Approving leave requests
Leave is the most common workflow — almost every organization has one. This guide shows how requests flow from staff to managers and how to handle special cases.
How an employee requests leave
- From the dashboard, click Request leave (or sidebar → My Leave → New request).
- Fill in:
- Leave type — Annual, Sick, Unpaid, Parental, etc. Configured by HR.
- From / To — date range.
- Days — auto-calculated from the range, excluding weekends and holidays.
- Reason — optional note for the manager.

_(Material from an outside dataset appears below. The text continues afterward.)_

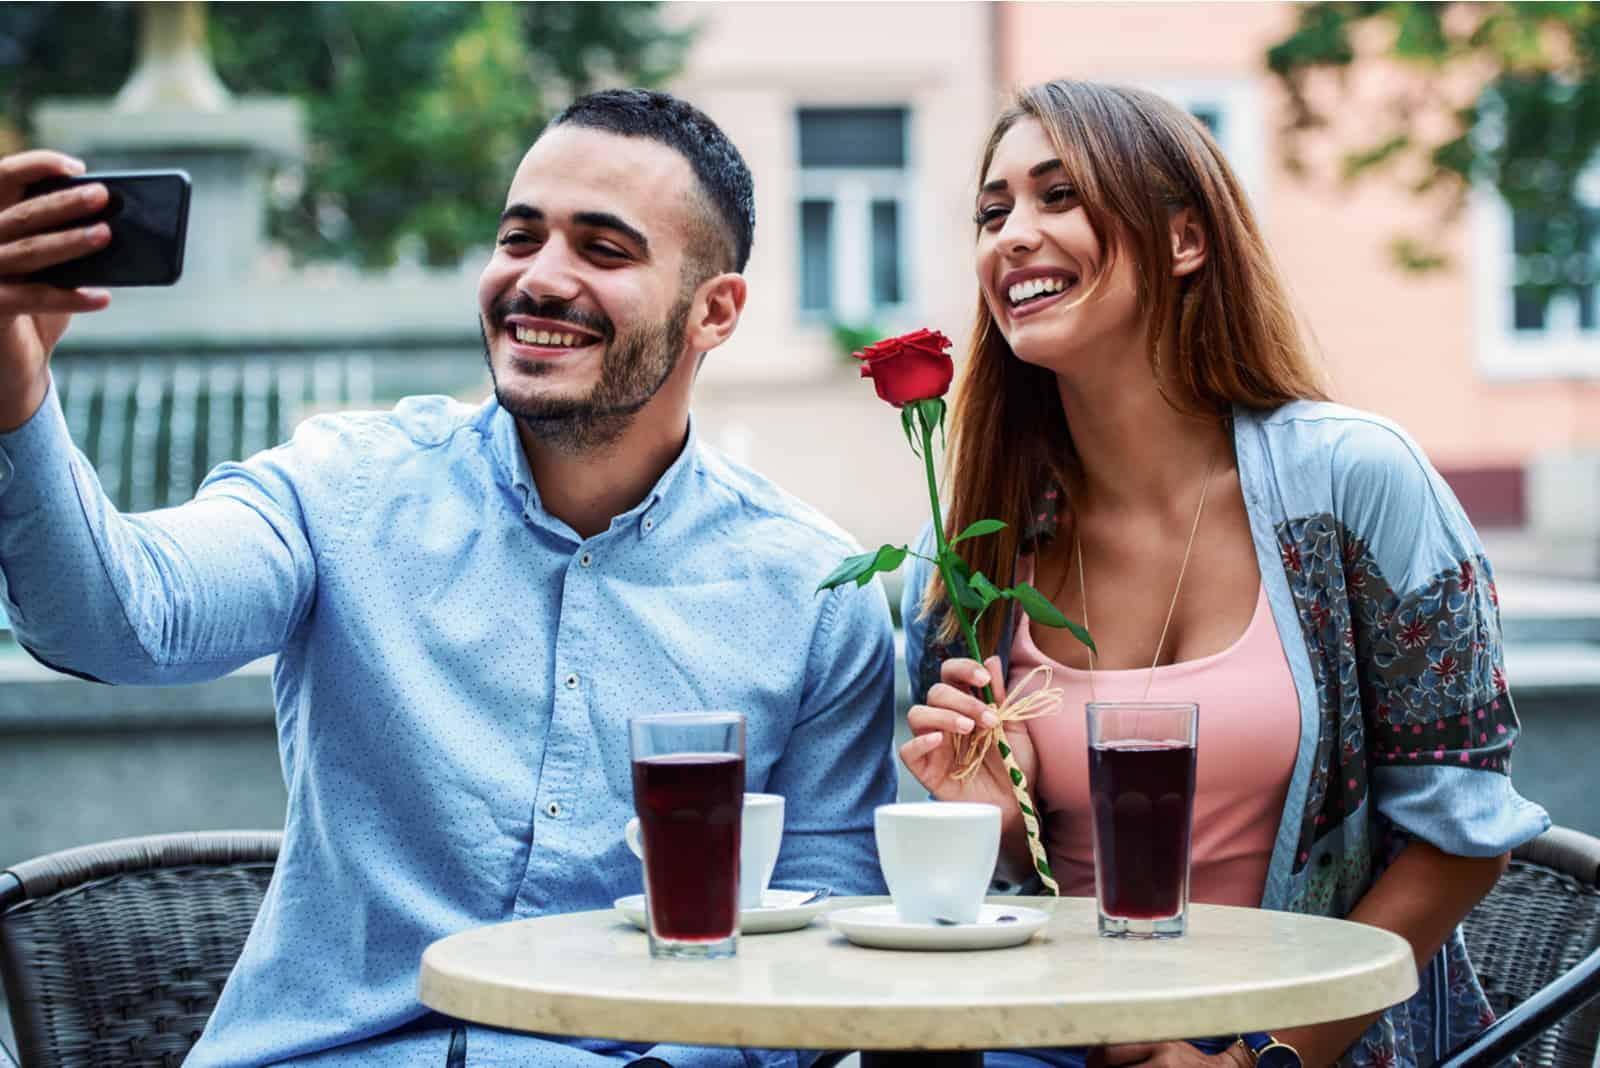 un homme et une femme assis à une table en riant tout en prenant des photos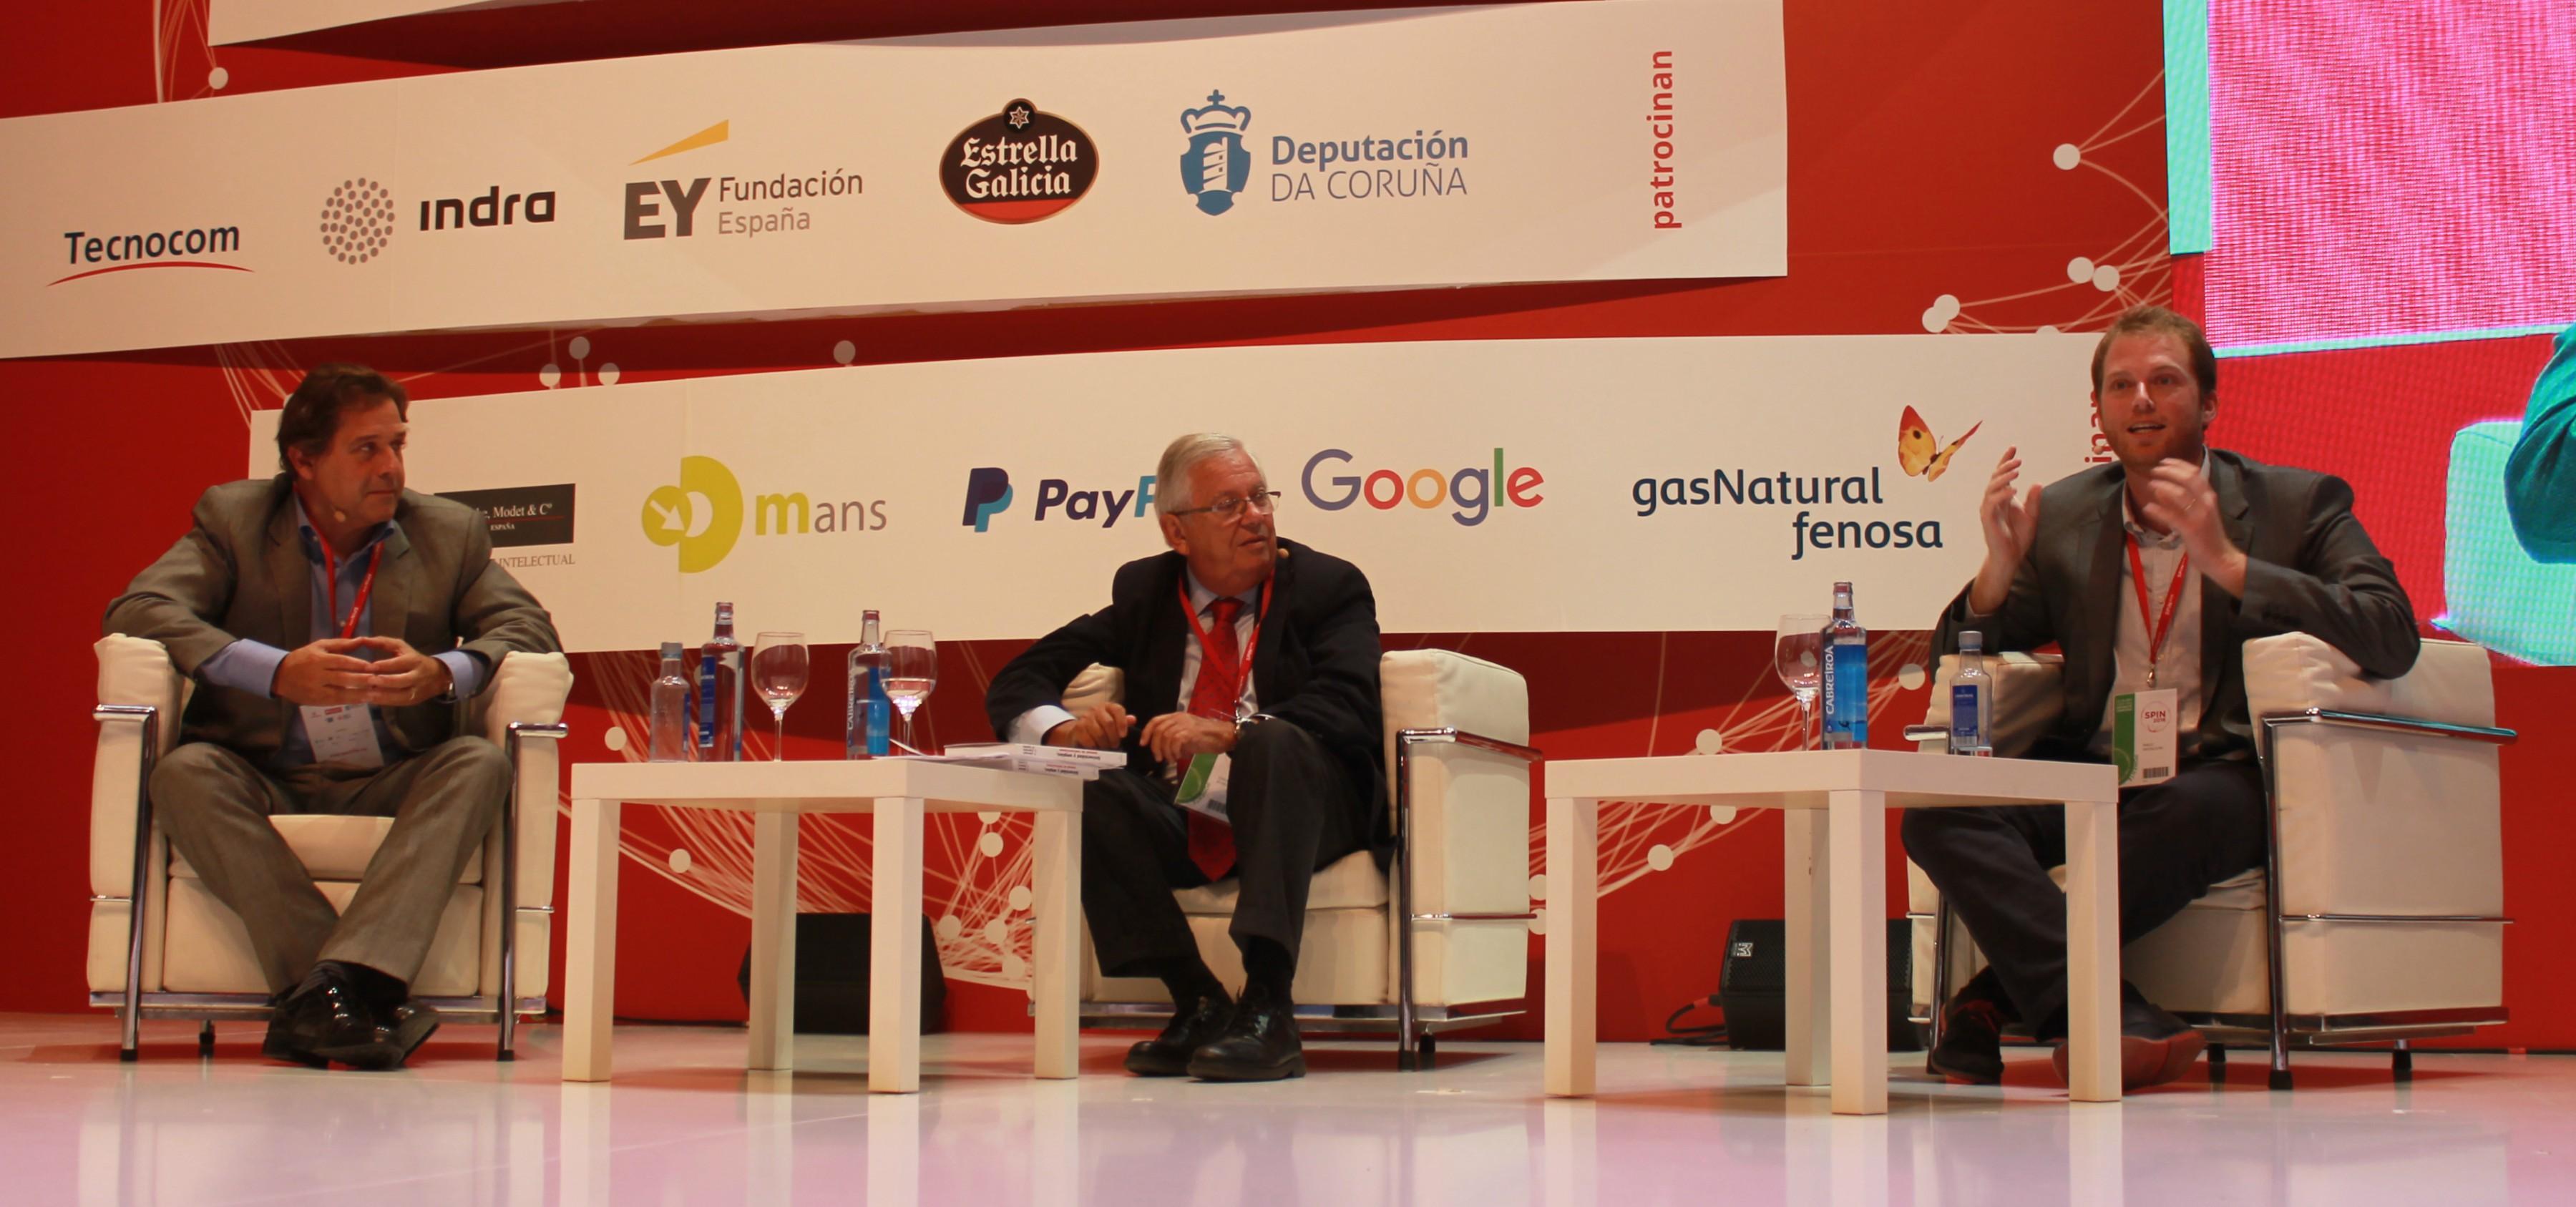 A la izquierda, el  consejero delegado de Hijos de Rivera, Ignacio Rivera; y en el centro el escritor y periodista Fernado Jáuregui, durante la charla que compartieron en el SPIN 2016

- Attachment — optional, e.g. a doctor's note.
- Submit.
The request enters the leave-request workflow.
What the manager sees
When a leave request lands:
- It appears in the manager's Approval Center with an SLA timer.
- The team calendar shows the requested dates as "pending".
- The leave balance preview shows what's left if the request is approved.
The manager can:
- Approve — the days are deducted from balance.
- Reject — with a reason.
- Suggest alternative dates — common when there's a coverage conflict.
Leave balance
Every employee has a balance per leave type. Configured under Admin → Leave Types:
- Accrual rate — e.g. 1.75 days per month for 21 days/year.
- Carry-over rules — how many unused days roll into next year.
- Year-end reset — when the calendar resets.
Blackout periods
Some periods can be locked from leave (year-end retail, exam season). Configured under Admin → Leave → Blackout Periods.
When a request falls in a blackout:
- The form warns the employee at submission.
- The manager sees a red flag on the request.
- The manager can still approve as an exception — the override is logged.
Calendar sync
Approved leave automatically syncs to:
- The team calendar (visible to colleagues).
- Each employee's Google or Outlook calendar (if connected).
- The dashboard's "Coming up" widget.
Sickness
Sick leave is usually handled differently from annual:
- Often retrospective (entered after the fact).
- Auto-approved up to a limit (3 days/month) without manager sign-off.
- Doctor's note required after a threshold (e.g. 5 days).
These rules are per leave type, not hard-coded.